If any of the configuration parameter tags are deleted from the SIETS storage configuration XML
file, the default value of the parameter is used when running the SIETS storage.
The changes made to the SIETS storage configuration file become effective after the instance is stopped, if running, and started again with the new configuration.
For more information on stopping and starting SIETS storage instances, see Running SIETS Storages.
As opening, editing, saving, closing the SIETS storage configuration file is common for editing all configuration parameters, it is described in a separate section. Each parameter or parameter group is described in a separate section, which includes its representation in the SIETS storage configuration file and describes what it means.

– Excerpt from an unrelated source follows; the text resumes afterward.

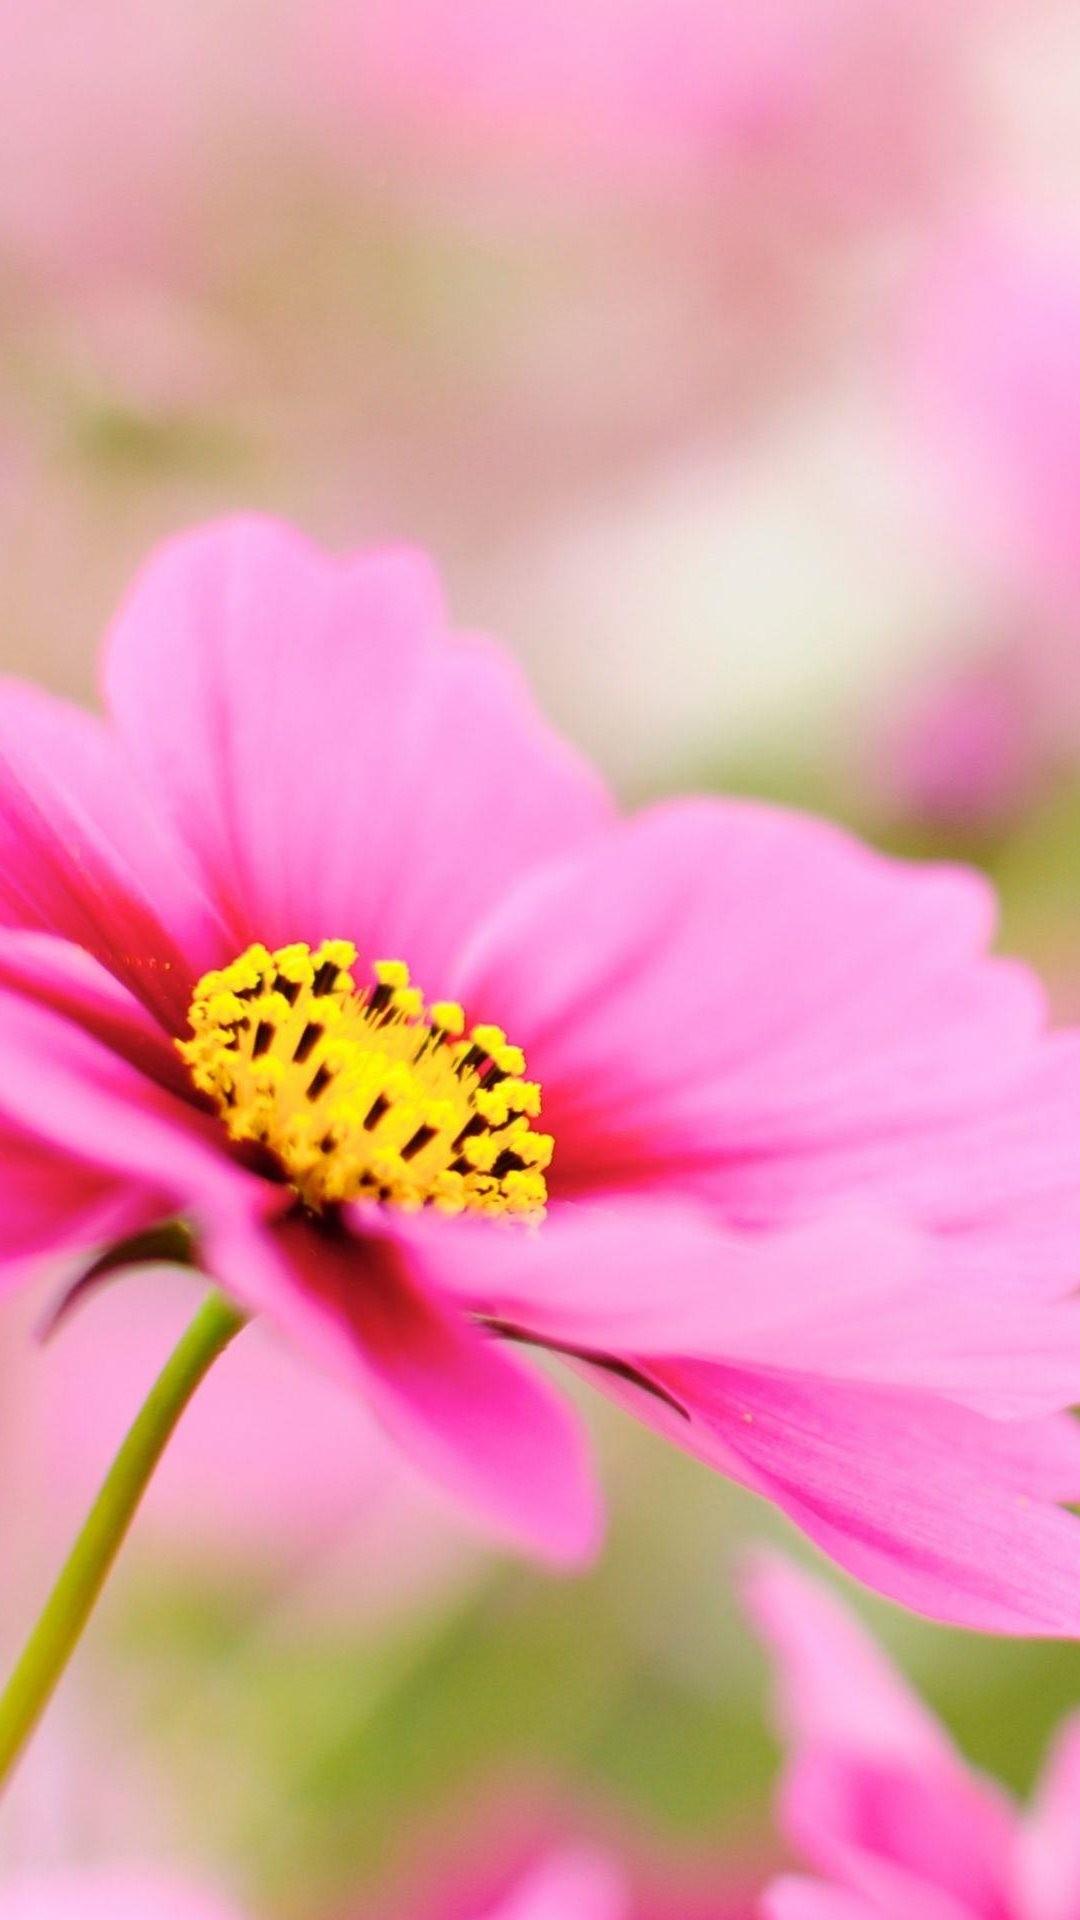 Pink Dahlia Macro Flower iPhone 6 Plus HD Wallpaper …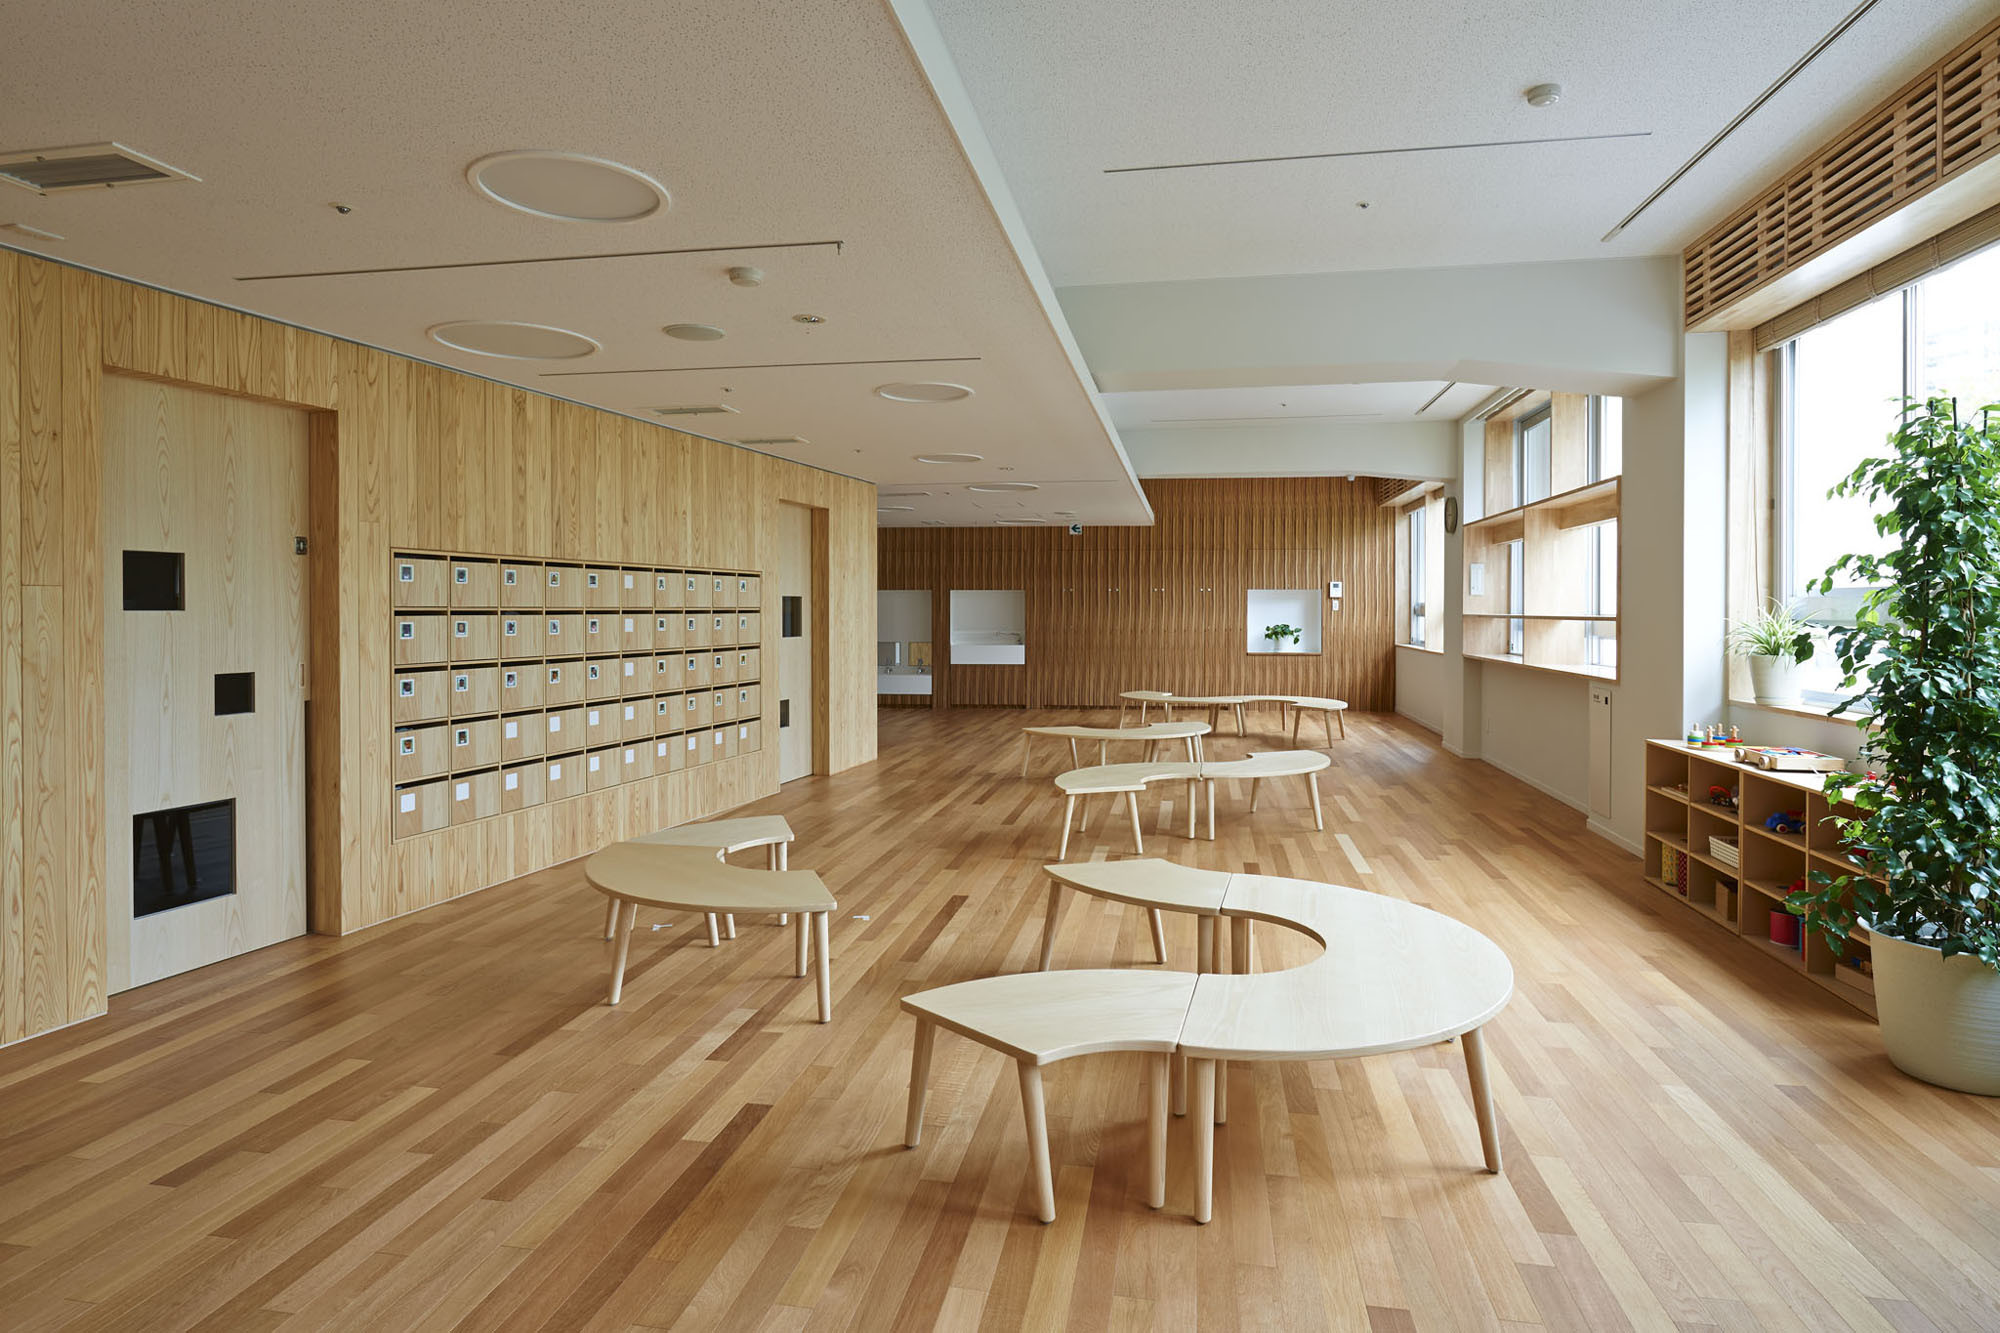 Designing A House Floor Plan Gallery Of Mokumoku Kindergarten 16a Inc 3

This section contains the following topics:
To open, edit, save, and close the SIETS storage configuration file from SIETS Enterprise Manager, proceed as follows:
After you have logged in SIETS Enterprise Manager, in Main Menu, select SIETS Storages.
In the SIETS Storages window, in the Name column, select the SIETS storage to be configured.
To configure an instance, select Configuration below the instance.
Select Instance Configuration.
To open the configuration file for editing, click Edit.
Edit the configuration parameter values in tags as described in the following sections.
To save the changes made, click Save.
To discard the changes and close the window, click Cancel.
This section described SIETS storage configuration file parameters in a separate section. Each section contains the parameter and its child parameter description and example of how it they appear in the SIETS storage configuration file.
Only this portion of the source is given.